### Task:
The part below that opens with the line containing "Blue-Gradient-Background.jpg" and closes with the line containing "Dietl / Lorenz: Fachwörterbuch" should be copied exactly, minus any pictures.

### Data:
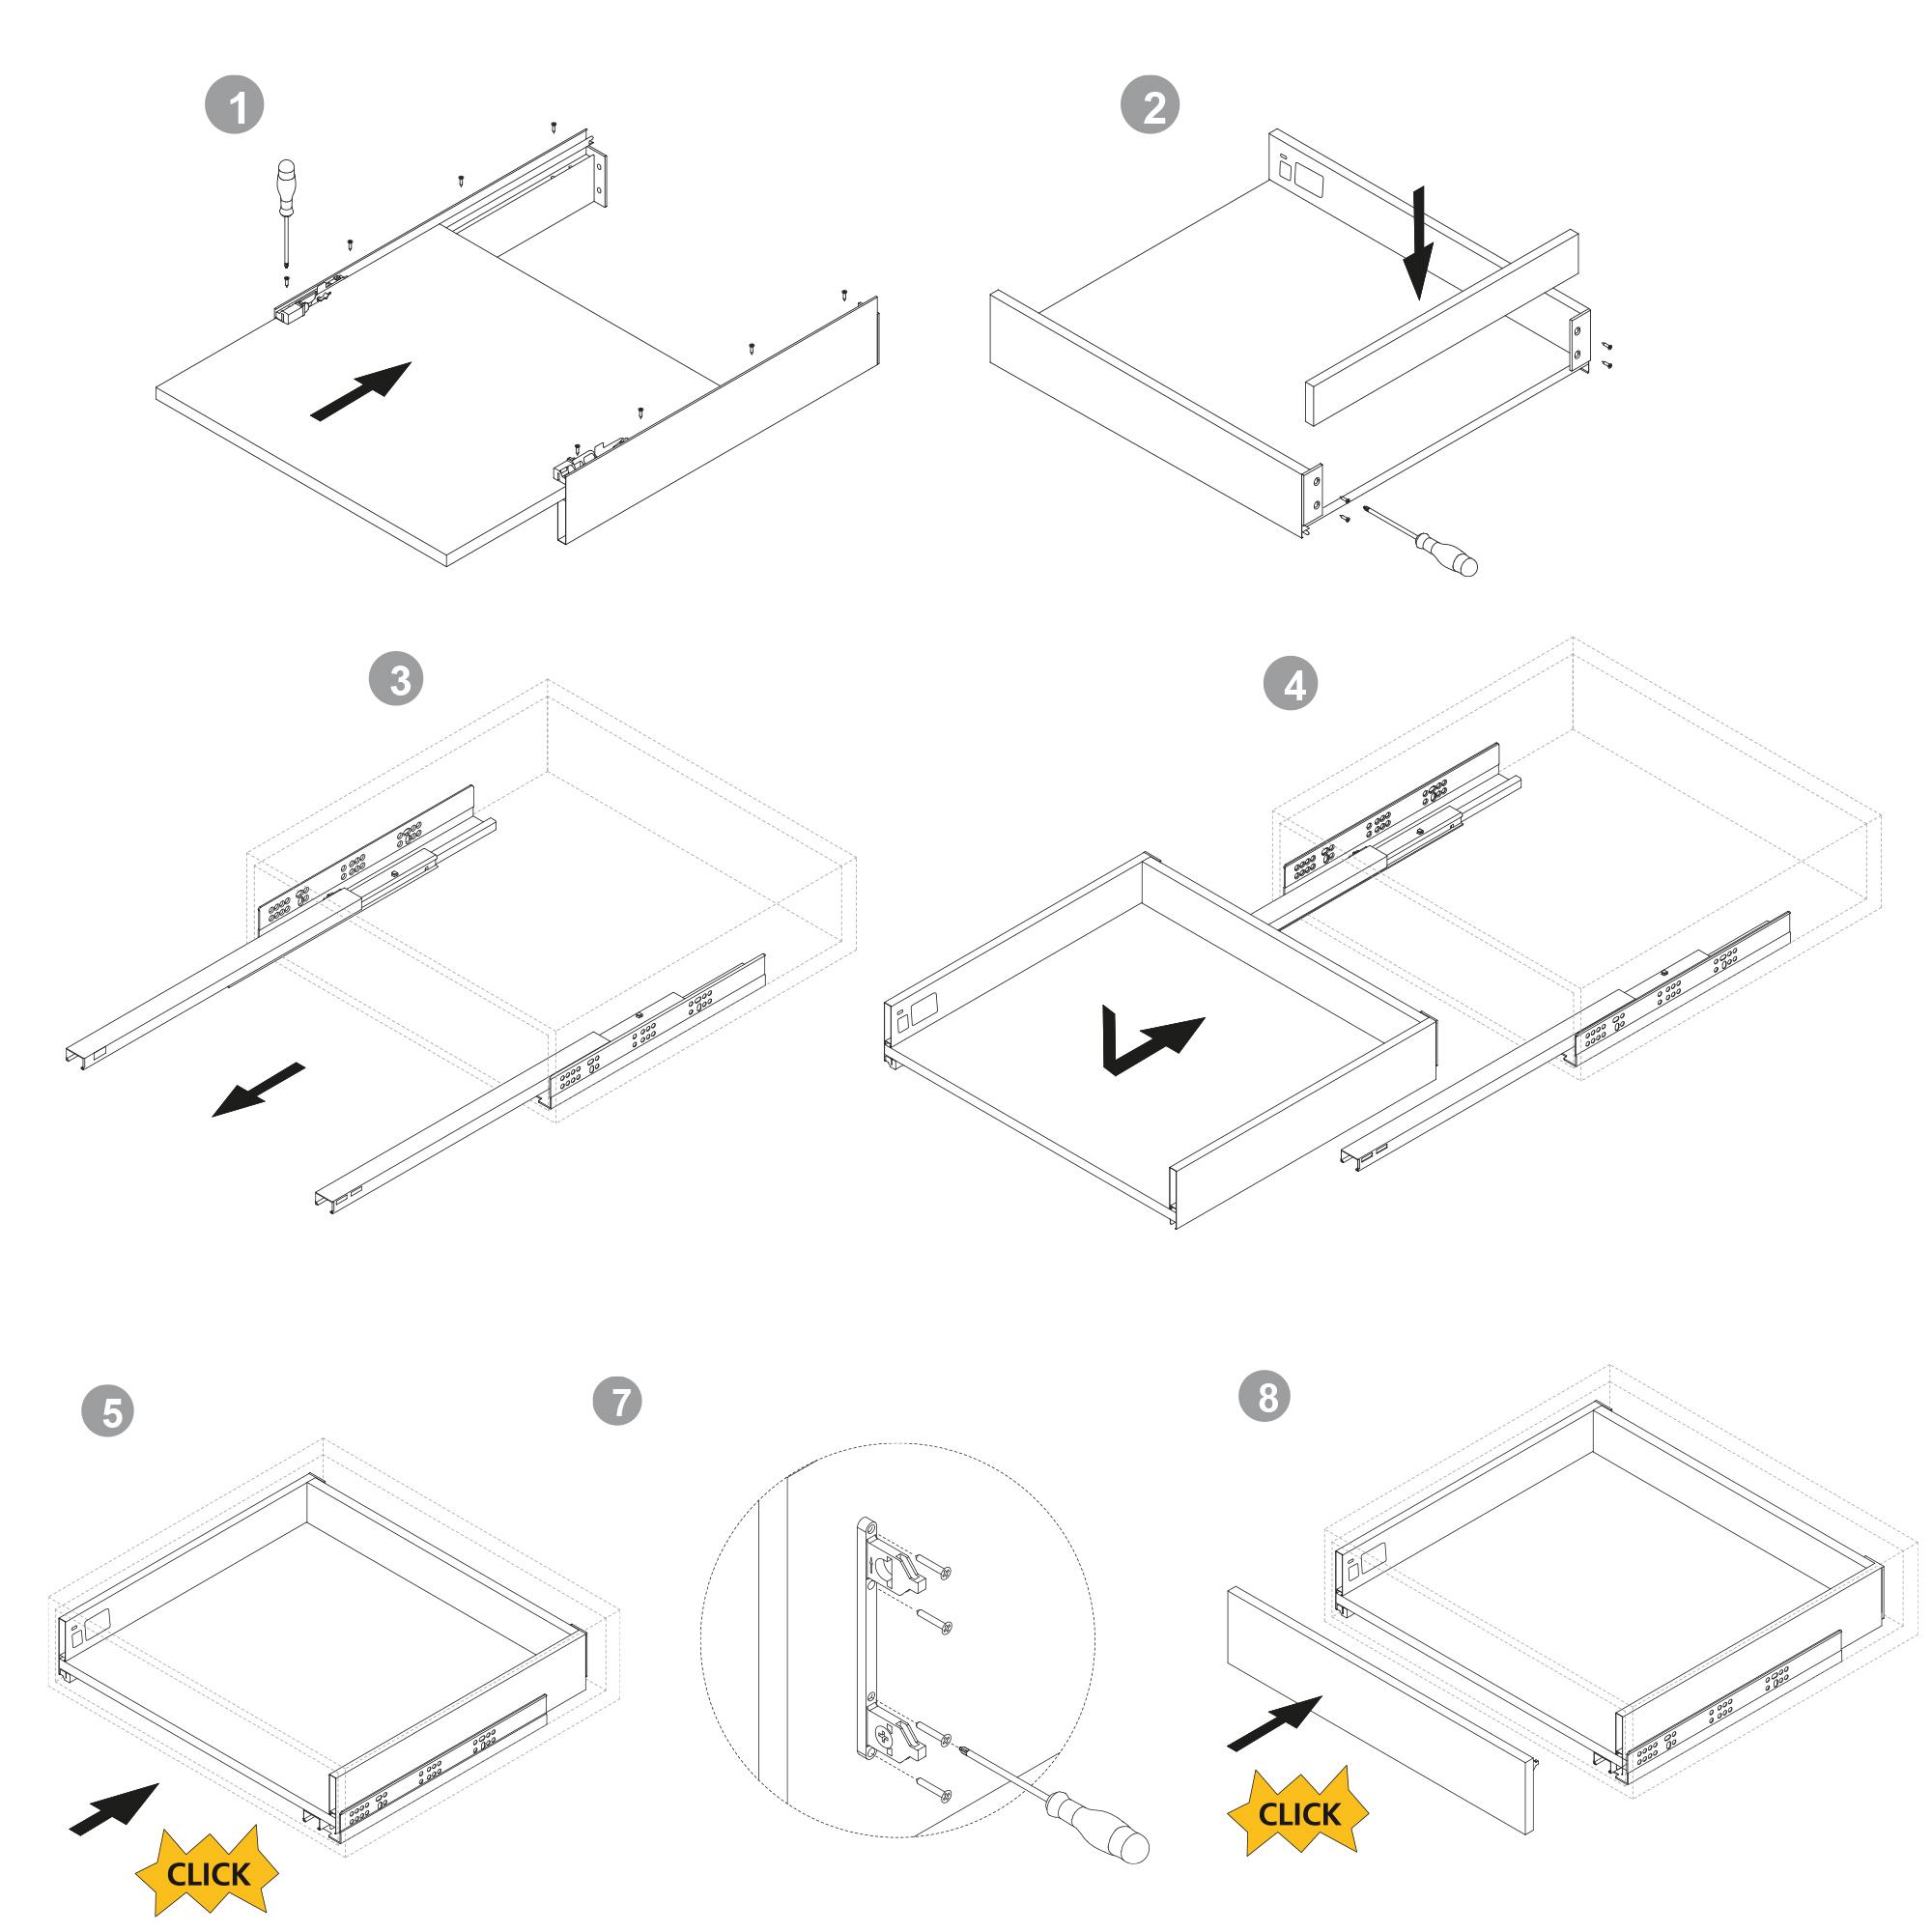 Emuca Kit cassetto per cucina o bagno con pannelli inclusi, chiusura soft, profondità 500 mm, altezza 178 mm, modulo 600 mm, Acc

--

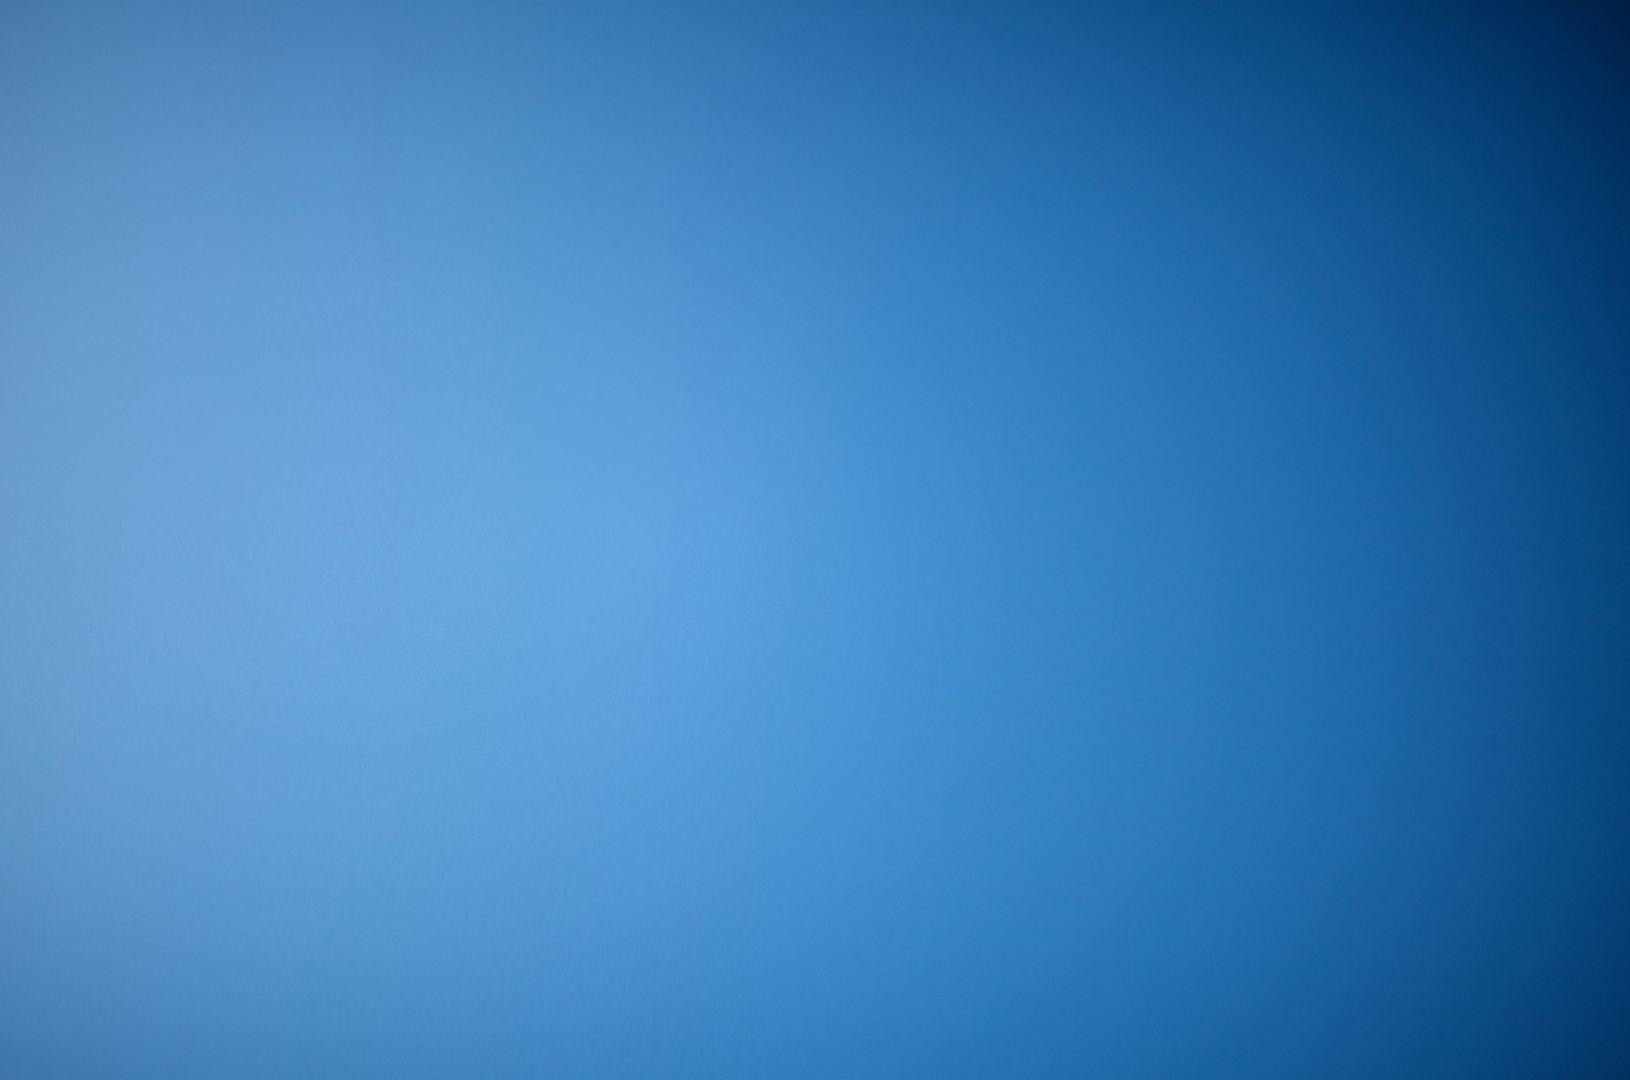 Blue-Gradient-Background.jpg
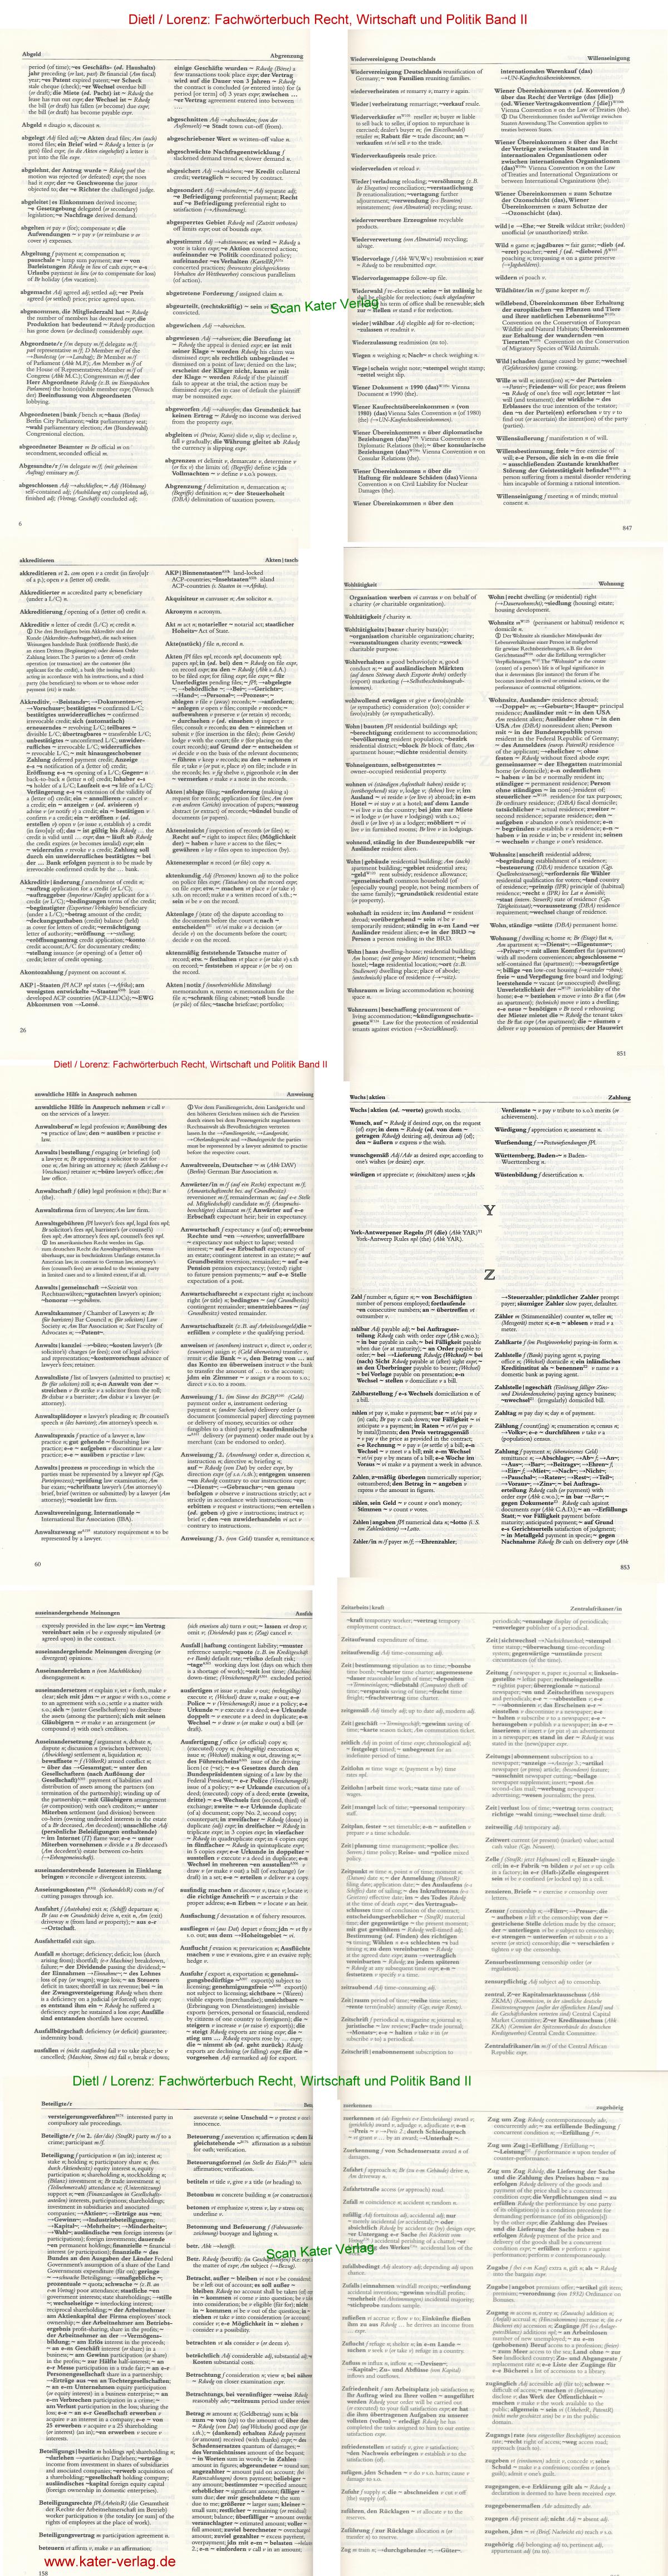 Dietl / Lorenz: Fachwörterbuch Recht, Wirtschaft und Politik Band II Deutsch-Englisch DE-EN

### Your response:
 Blue-Gradient-Background.jpg
 Dietl / Lorenz: Fachwörterbuch Recht, Wirtschaft und Politik Band II Deutsch-Englisch DE-EN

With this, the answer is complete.